One example of a fault locating device 26 will now be explained in more detail with reference to FIG. 2. The fault locating device 26 may include a pressure resistant housing 34 configured to traverse the interior of the WDP (10 in FIG. 1). The housing 34A may define a sealable interior chamber 34 in which electronic components of the fault locating device 26 may be disposed. The antennas 28, 30, which as previously explained may be longitudinally wound wire coils, may each be disposed in a respective groove or recess 28A, 30A formed in the exterior surface of the housing 34. The wire of each antenna coil 28, 30 may enter the chamber 34A by a pressure sealing, electrical feedthrough bulkhead 46. The electronic components in the present embodiment may include an electrical power conditioning circuit 48 that may accept electrical power transmitted from the Earth's surface along the cable 32 along one or more insulated electrical conductors (not shown separately). The one or more electrical conductors (not shown separately) may also be used to communicate signals produced in the fault locating device 26 to the Earth's surface. A controller 36, which may be a microprocessor-based system controller, may provide operating command signals to drive the other principal components of the device 26. For example, an analog receiver amplifier 40 may be electrically coupled to the receiver antenna 30 to detect and amplify voltages induced in the receiver antenna 30. The detected and amplified voltages may be digitized in an analog to digital converter (“ADC”) 38, so that the magnitude of the voltage with respect to time will be in the form of digital words each representing the voltage magnitude. The output of the ADC 38 may be conducted to the controller 36 for storage and/or further processing. The controller 36 may store one or more current waveforms in the form of digital words. The current waveforms are those for alternating electrical current to be passed through the transmitter antenna 28. In the present embodiment, the current waveform words may be conducted through a digital to analog converter (“DAC”) 42 to generate the analog current waveform. The analog current waveform may be conducted to a transmitter power amplifier 44 for driving the transmitter antenna 28.
It will be appreciated by those skilled in the art that the implementation of current generation and signal detection shown in FIG. 2, which includes digital signal processing circuitry, is only one possible implementation of a fault locating device according to the invention. It is also within the scope of this invention to use analog circuitry to generate the current and to detect the induced voltages.
In the present example, the current passing through the transmitter antenna 28 causes electromagnetic fields to be induced in the WDP joint, and specifically in the current loop created by the toroidal coils (22 in FIG. 1) and the electrical conductors (24 in FIG. 1). In an electrically sound WDP joint, a voltage will be induced in the receiver antenna 30 that corresponds to the entire current loop being properly interconnected and insulated from grounding to the metal pipe mandrel (12 in FIG. 1).

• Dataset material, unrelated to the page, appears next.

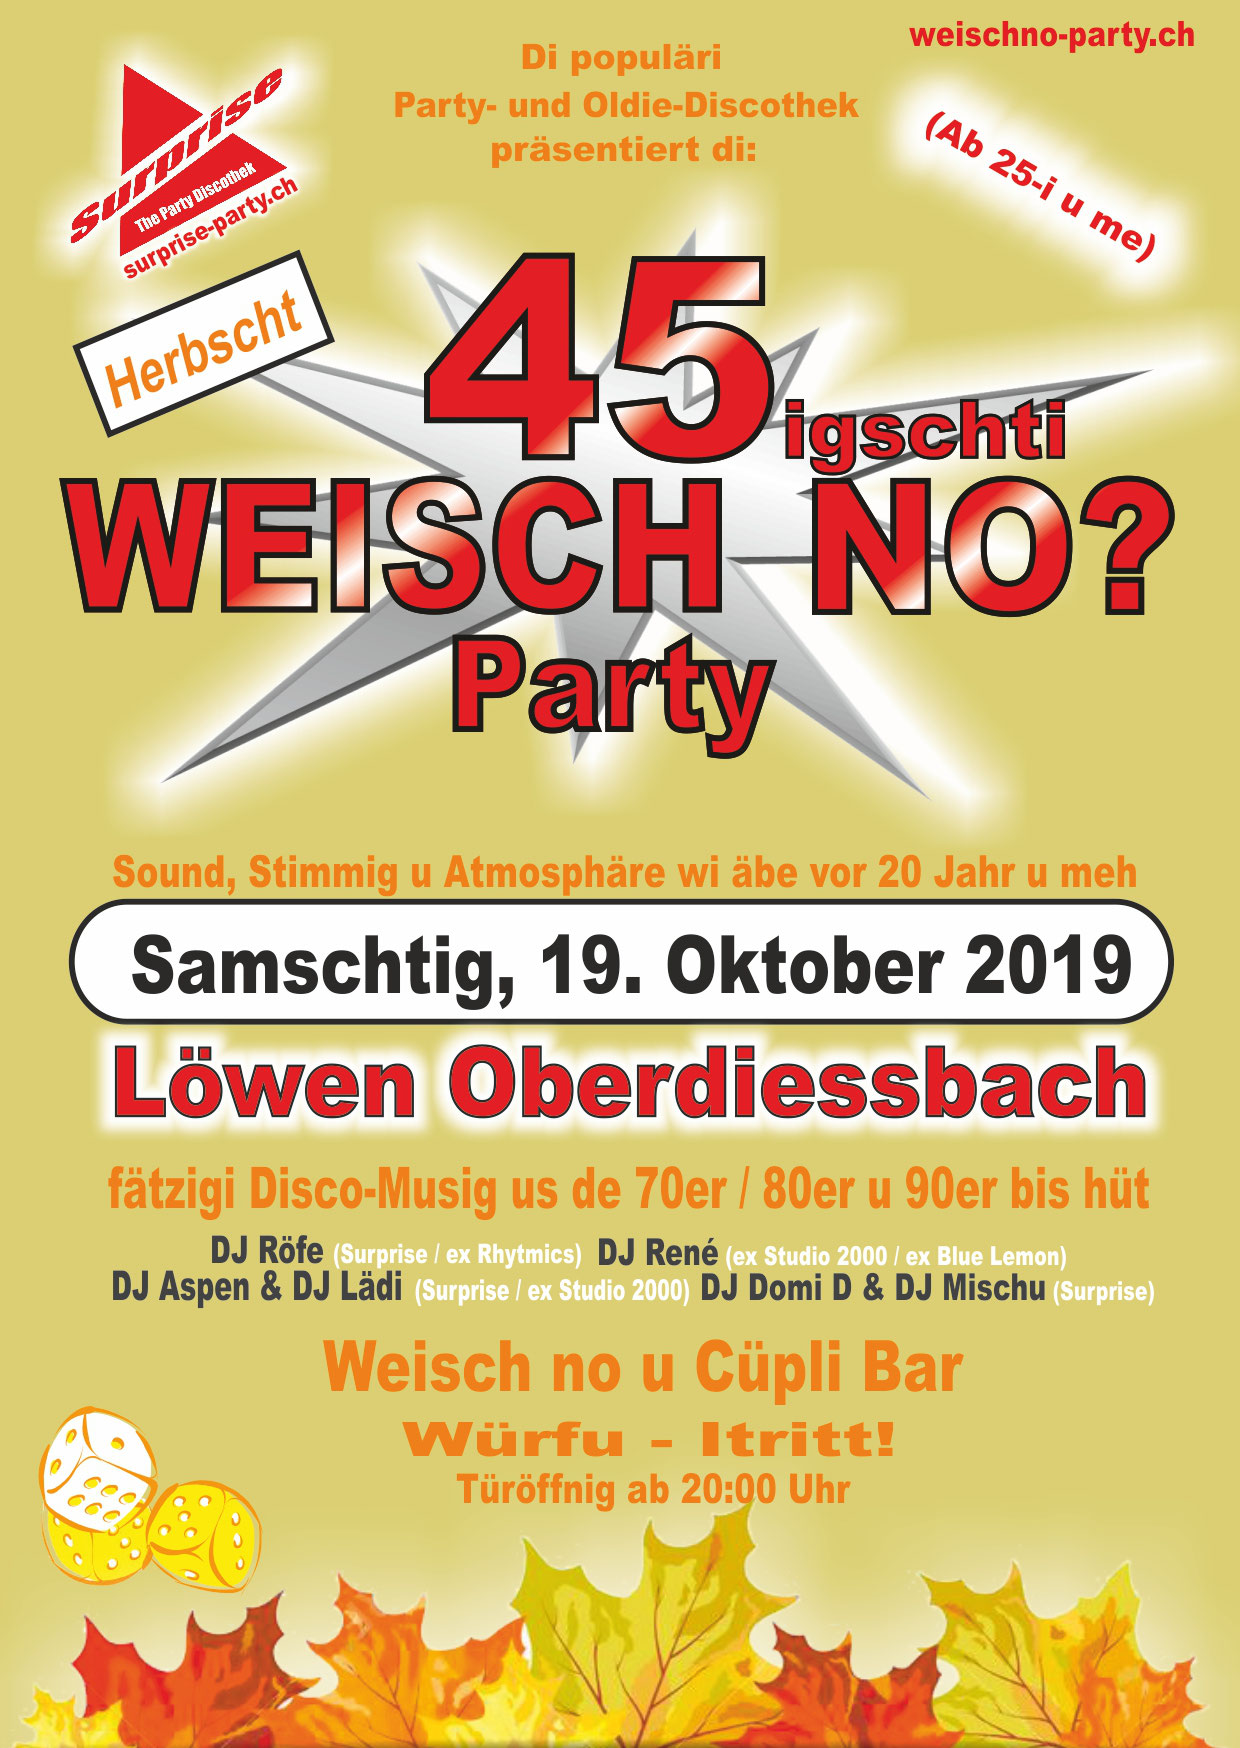 (c) Weischno-party.ch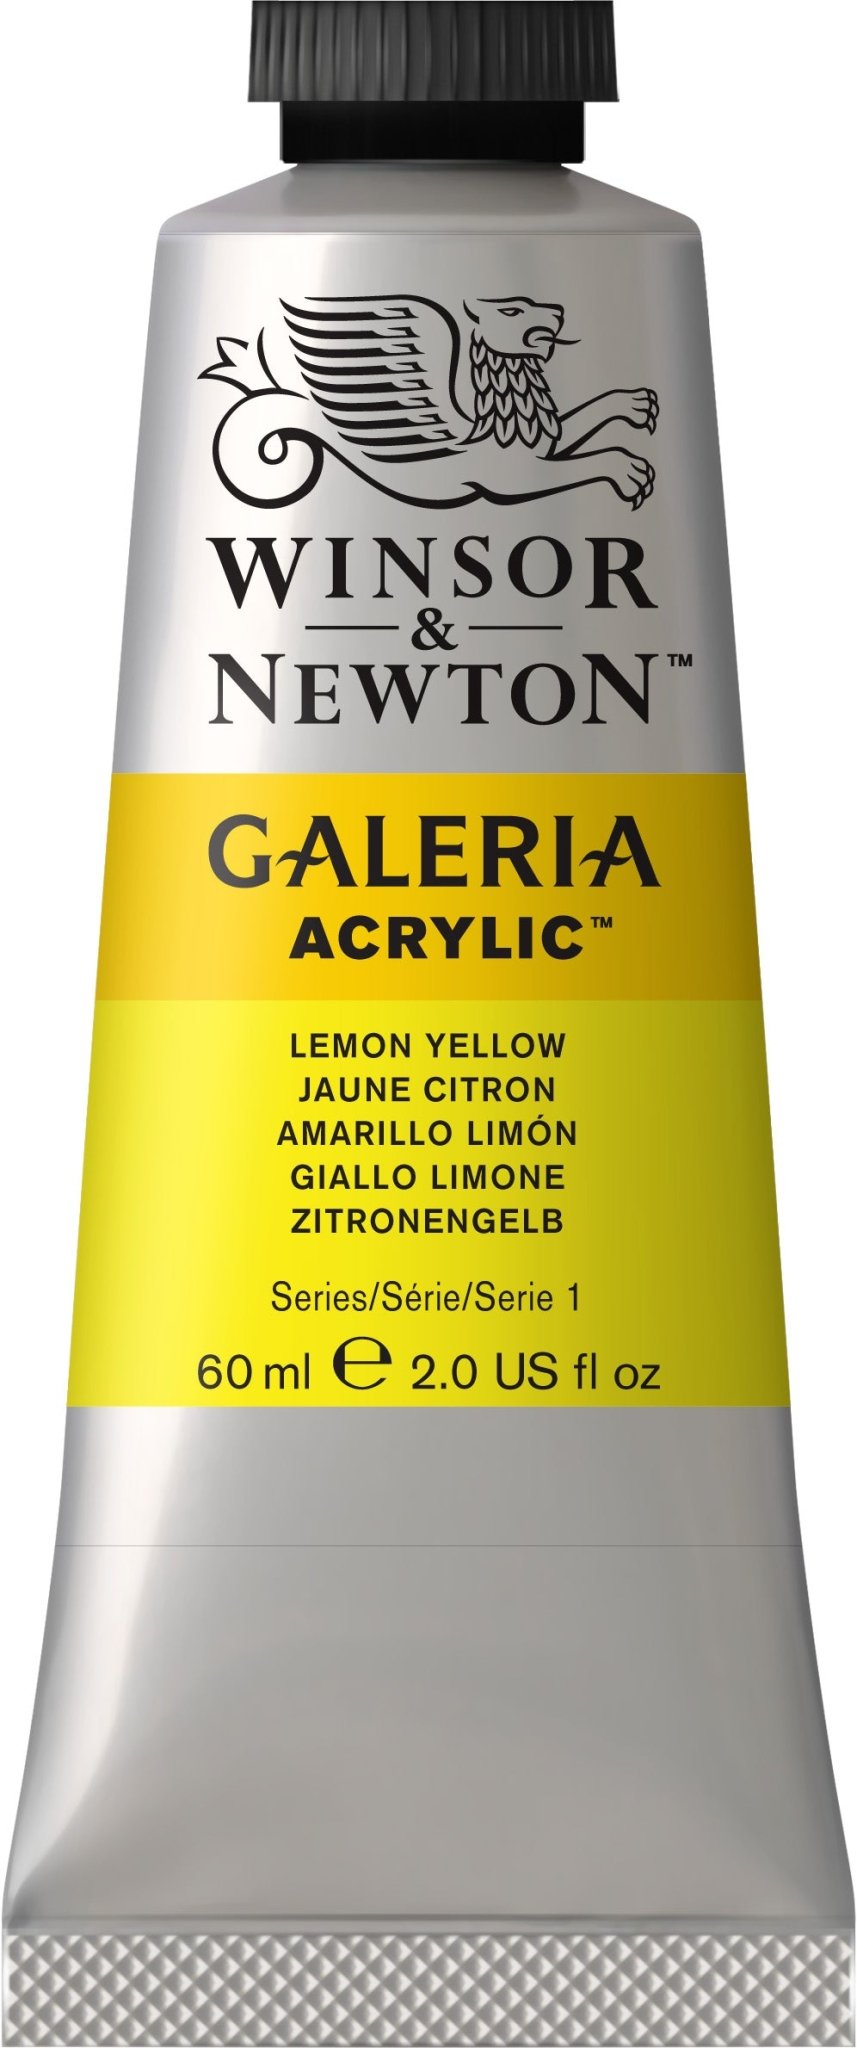 W & N Galeria Acrylic 60ml Lemon Yellow - theartshop.com.au

The detected voltages are then digitized in the ADC 38, and are then communicated to the controller 36, where the digitized detected voltages may be imparted to any known telemetry for communication to the Earth's surface.
The example shown in FIG. 2 may have a longitudinal span 50 between the transmitter antenna 28 and the receiver antenna 30 such that antennas 28, 30 may be spaced proximate respective ones of the toroidal coils (22 in FIG. 2) in each WDP joint (10 in FIG. 1) during inspection. As the fault locating device is moved through each WDP pipe joint (10 in FIG. 1), a record is made of the voltages detected by the receiver antenna 30. If any WDP joint has an open circuit, such that the current loop described above is not complete, then the magnitude of the detected voltage will be relatively small or zero. If a WDP joint has a short circuit, the detected voltage will be small or zero when the respective antennas 28, 30 are disposed proximate the ends of the WDP joint. It will be appreciated that under such conditions it could be difficult to distinguish between an open circuit and a short circuit in the WDP joint. Therefore, other examples of a fault locating device according to the invention may have different and/or selectable span between the transmitter antenna and the receiver antenna.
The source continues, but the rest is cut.